As you craft your essay, I highly suggest focusing on a single aspect of womanhood or female power in these narratives. Comparing and contrasting the three significant literary works in the span of four or five paragraphs is a difficult task! Narrowing your topic to a manageable scope will be essential for your success. I think the best way to do this is either to compare a specific character from each narrative or to contrast a specific aspect of womanhood that many of the female characters possess in these works.

If you choose the character route, there is a plethora of options to choose from because all three stories are so expansive. For example, you could contrast the Buffalo Woman of Sundiata with the character of Sin in Paradise Lost, as both are physically monstrous, and both wield significant supernatural power. Alternatively, you could juxtapose Eve’s betrayal of God and her husband, Adam, in Milton’s poem with Nana Triban, who betrays her husband, Suomaoro. There are several other options you could select in this vein.

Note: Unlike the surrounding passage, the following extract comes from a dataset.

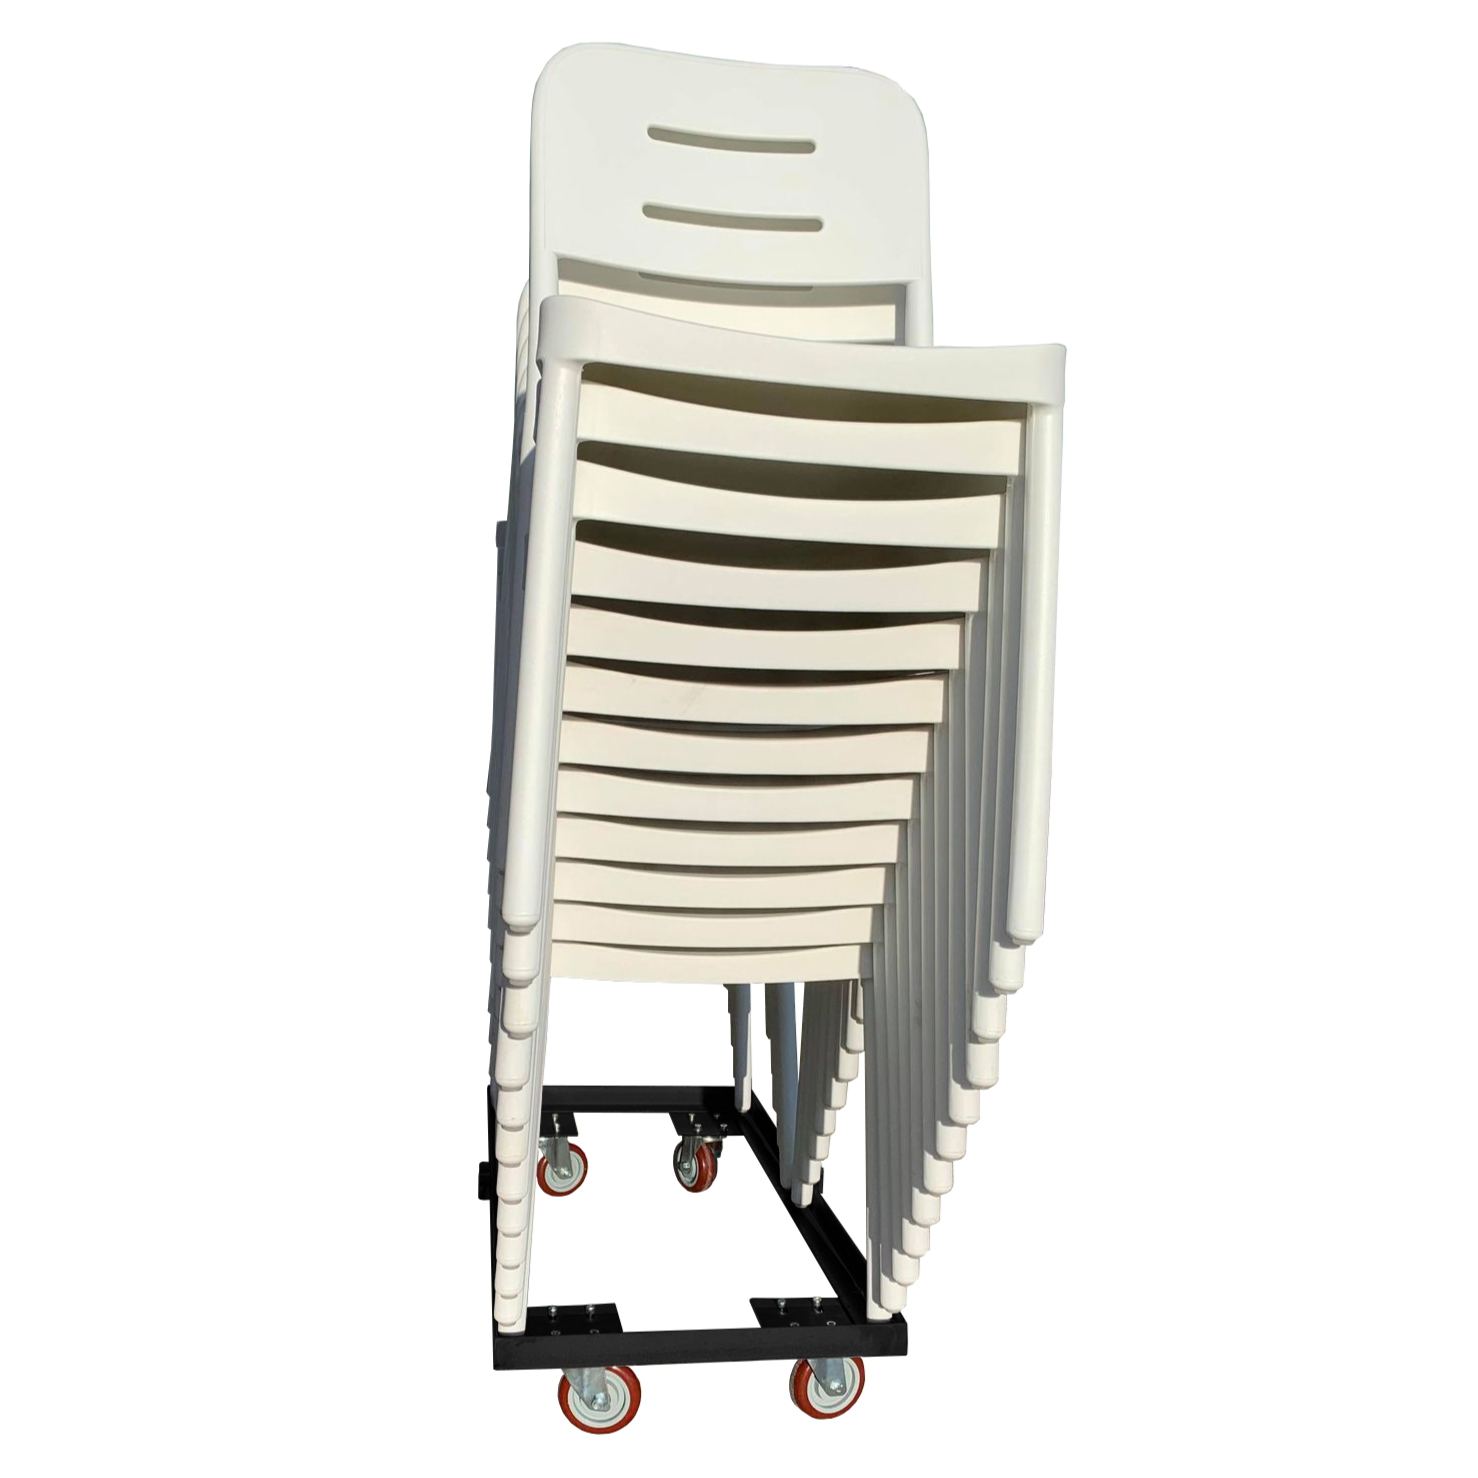 Chariot de chaises empilables / capacité 16-24 chaises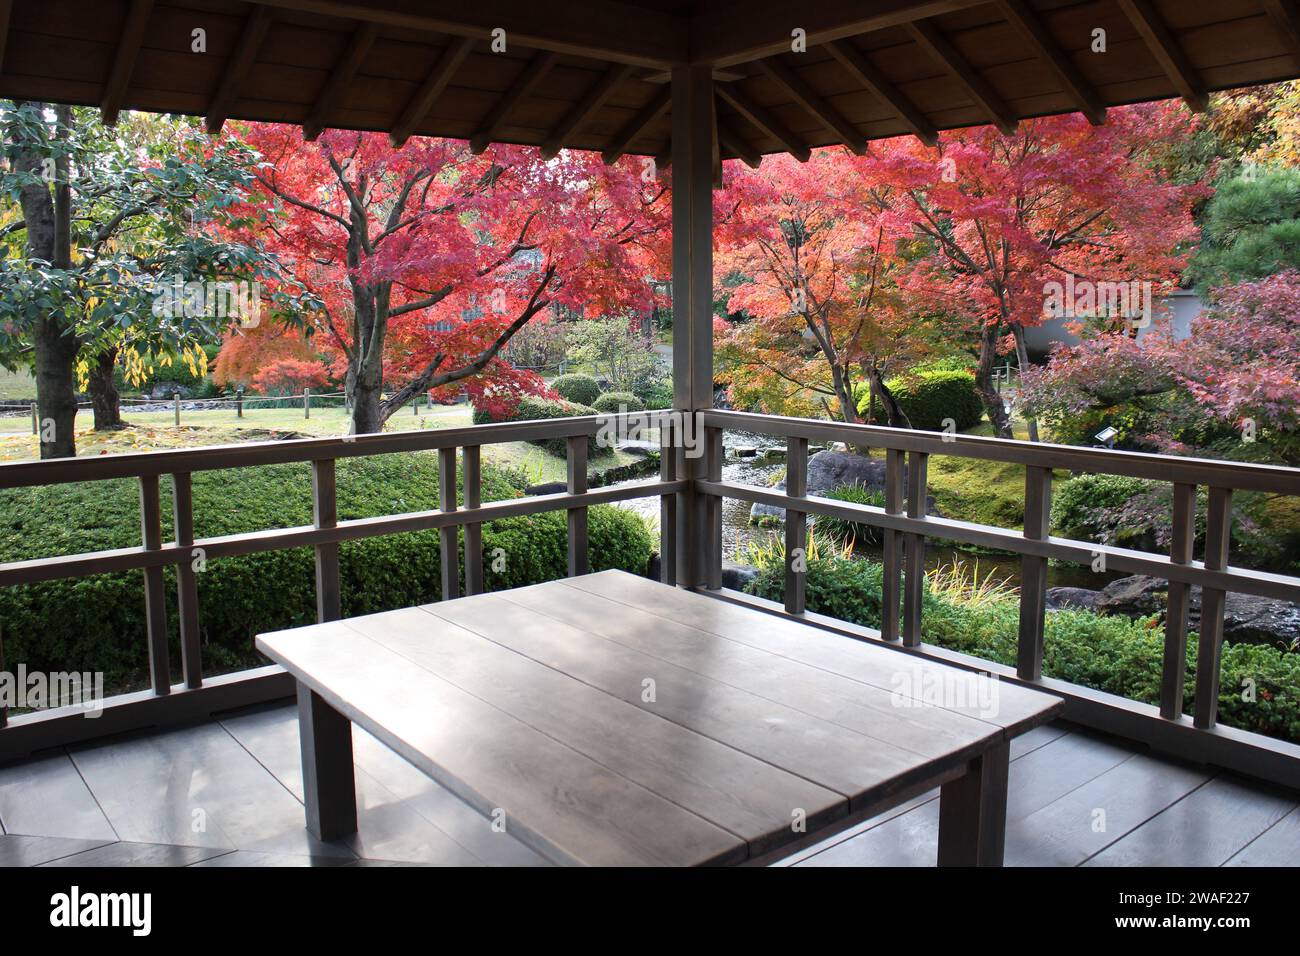 Autumn leaves in Flatly Landscaped Garden in Koko-en Garden, Himeji, Japan Stock Photo

A second option for narrowing your paper is to focus on a specific feminine commonality in the three narratives. One possibility to explore could be that the primary female characters in both Sundiata and Paradise Lost display significant degrees of mystical potential. Milton’s Urania is a muse that inspires the poetry of the angels, while Sassouma’s machinations arguably motivate Sundiata’s rise to power. I hope this provides some food for thought as you proceed with your paper. Good luck!